Definitions Flashcards
Planning
Defining goals for future organisational performance and deciding o the tasks and use of resources needed to attain them.
Organising
Assigning tasks, grouping of tasks into departments and allocating resources to departments.
Leading
involves the use of influence to motivate employees to achieve the organisation’s goal.
Controlling
Monitoring employees’ activities, keeping the organisation on track towards its goals, and making corrections as needed.
Organisational performance
the organisation’s ability to attain its goals by using resources in an efficient and effective manner.
Organisation
a social entity that is goal-directed and deliberately structured
Effectiveness
The degree to which the organisation achieves a stated goal.
Efficiency
the use of minimal resources, raw materials, money and people, to produce a desired volume of output.
Scientific Management (F.W. Taylor) - management knows best
Emphasised a rational, scientific approach to the study of management; sought to make organisations efficient operating machines.
Humanistic perspective (Mary Parker Follett and Chester Barnard)

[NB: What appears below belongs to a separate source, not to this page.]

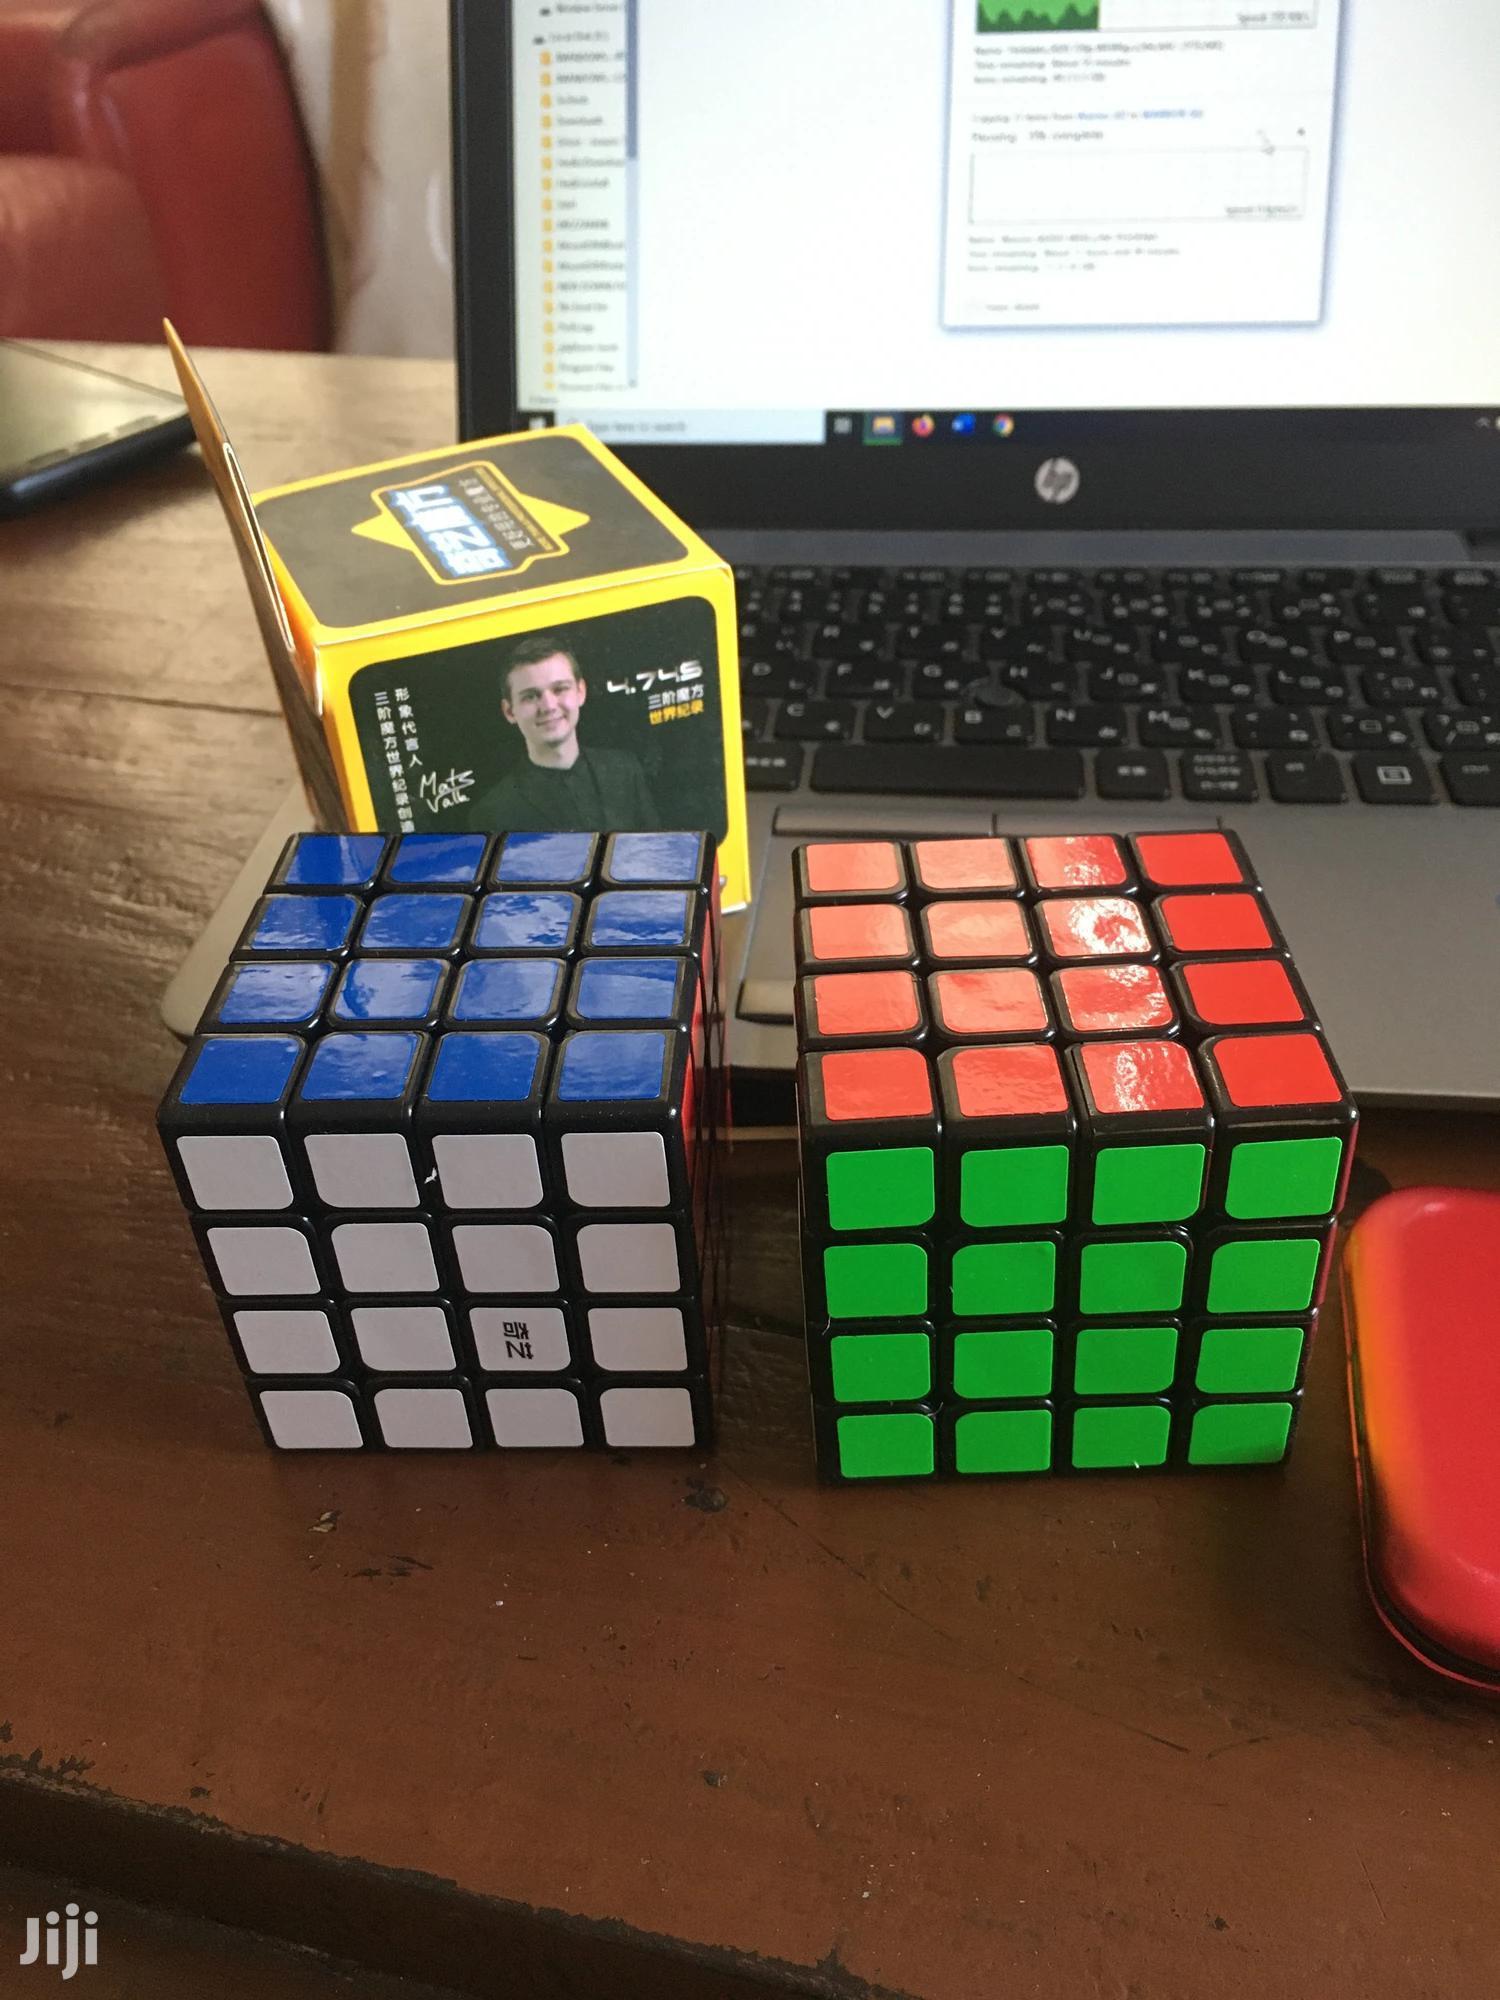 Rubik'S Cube 4x4x4 | Books & Games for sale in Kinondoni, Dar es Salaam, Tanzania
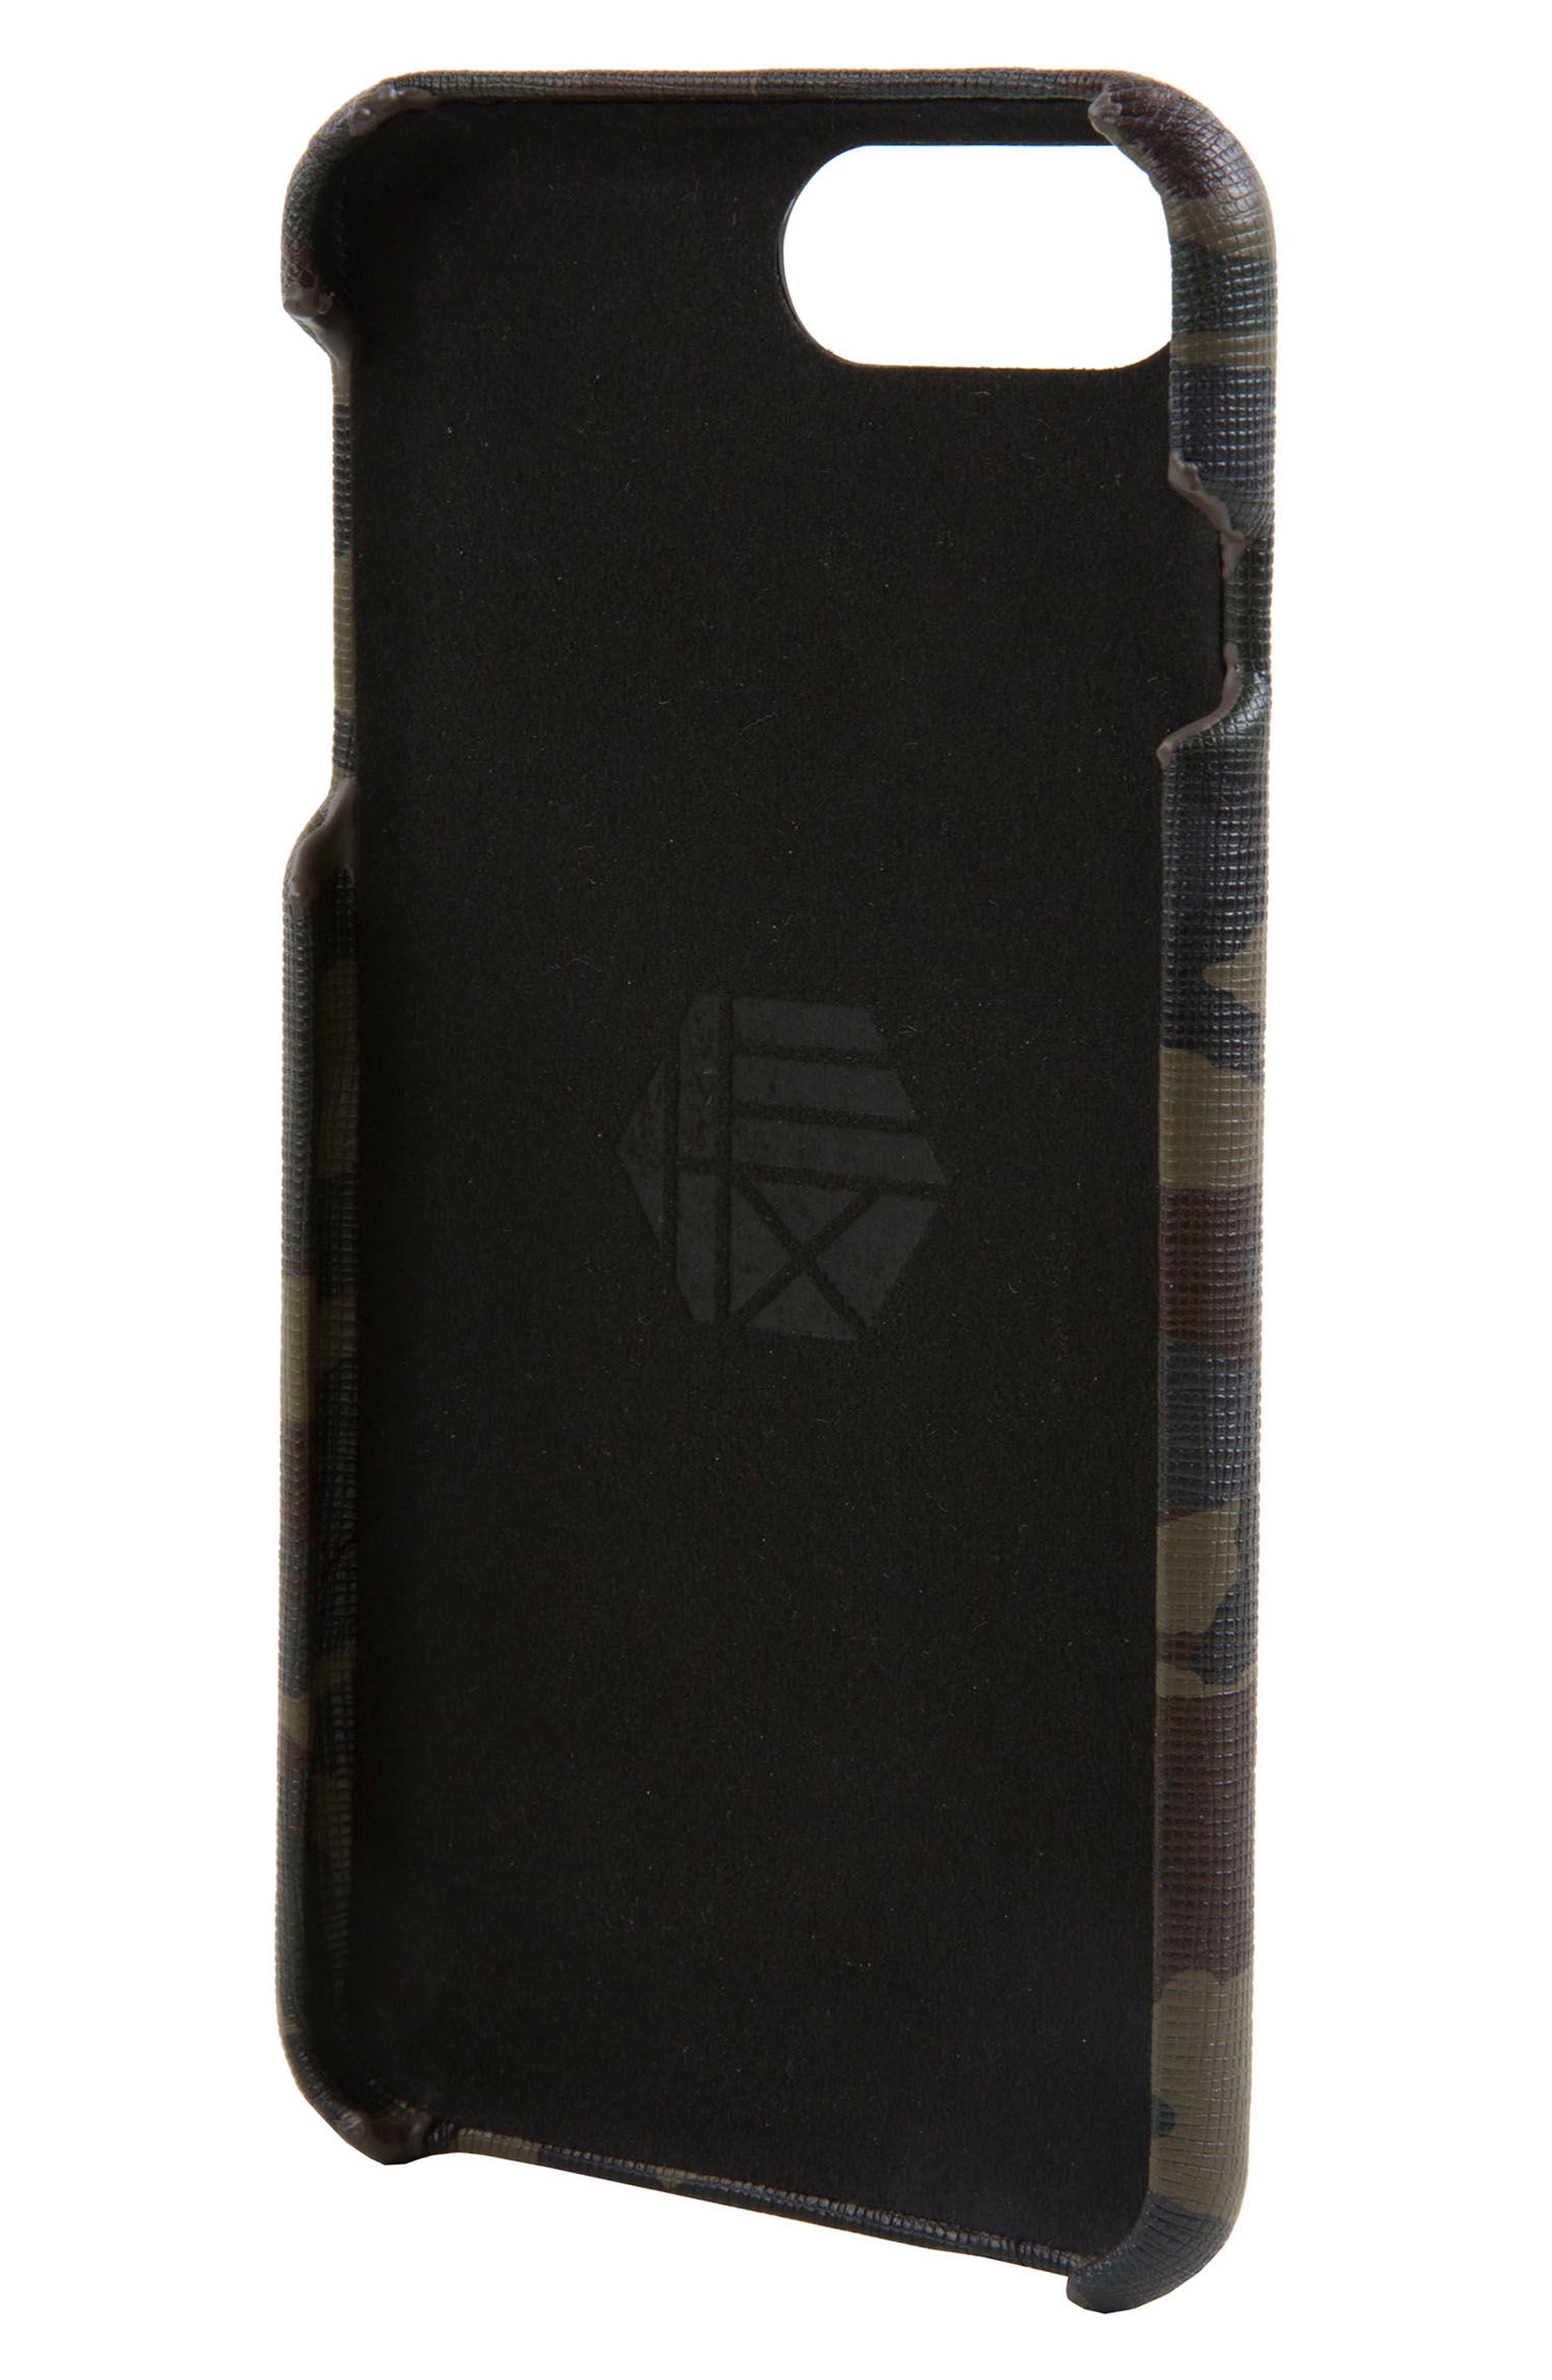 Solo iPhone 6/6s/7/8 Plus Wallet Case,                             Alternate thumbnail 2, color,                             Camo/ Reflective

Emphasised the importance of understanding human behaviours, need and attitudes in the workplace.
Organisation’s external environment
Reflects an open systems view of organisations.
P in PEST analysis
Political-Legal
Political activities and legislation targeting organisational behaviour; the political regime and stability of the region.
E in PEST analysis
Economic
The Overall economic health of the region in which the organisation operates; interest rates and monetary policies; costs of raw materials.
S in PEST analysis
Social-Cultural
The demographics, the customs and values, and lifestyle trends of the population in which the organisation operates.
T in PEST analysis
Technological
Advances in technology and scientific knowledge.
Coping with uncertainty
- Adapting the organisation to changes in the environment
2. Shaping the environment to the organisation’s needs.
Goal
a desired future state that the organisation attempts to realise
Plan
a blueprint specifying the resource allocations, schedules and other actions necessary for attaining goals.
SMART goals
Specific, Measurable, Aggressive yet attainable, Relevant, Time-bound
MBO (Peter Drucker)
Management by objectives
- Set Goals
- Develop action plans
- Review progress (and take corrective action)
- Appraise performance
Planning in a turbulent environment (3 plannings)
- Contingency planning/ Scenario planning
- brainstorm possible scenarios, extrapolate current situation, consider future discontinuous
- develop strategies to deal with each scenario (contingency planning) - Crisis management planning
- mitigate the effects of sudden and devastating events - Decentralised emergent planning
- decentralised planning staff, more informal, strategic direction
Strategic management
the set of decisions and actions used to formulate and implement strategies (or plans) that aim to give an organisation its competitive advantage.
Formulation
planning and decision making that leads to establishment of the organisation’s goals and a specific strategic plan.
Execution
use of managerial and organisational tools to direct resources towards achieving strategic outcomes.
VRIO framework
Valuable, Rareness, Imitability, Organisation
Core competencies
resources and capabilities that generate sustainable competitive advantage for an organisation
Business level strategy
Differentiation, Cost Leadership and Focus
Corporate level strategy
considers an organisation to be a portfolio of businesses, resources, capabilities or activities.
Strategic vehicles
- Growth/ innovation from within
- Mergers and acquisitions
- Strategic partnerships
heuristics
intuitive shortcuts learned from experience
Organisational structure
the framework in which the organisation defines how tasks are divided, the work of employees and departments coordinated, and authority distributed.
Contingency factors affecting organisational structure
Strategy, size, technology, environmental uncertainty.
organisational culture
the customary or traditional ways of thinking and doing things, which are shared to a greater or lesser degree by all members of the organisation and which new members must learn and at least partially accept in order to be accepted in the service of the firm.
Adaptability culture
Values creativity and innovation
encourage individual initiative and autonomy in decision making.
Achievement culture
Results-oriented
values competitiveness, personal initiative, cost-cutting and achievement
handsome rewards for high performers.
Involvement culture
high value on meeting the needs of employees
Values cooperation, consideration and equality.
Consistency culture
Values and rewards standardisation, control, and a well-defined structure for authority and decision making.
Uses an internal focus and a consistency orientation.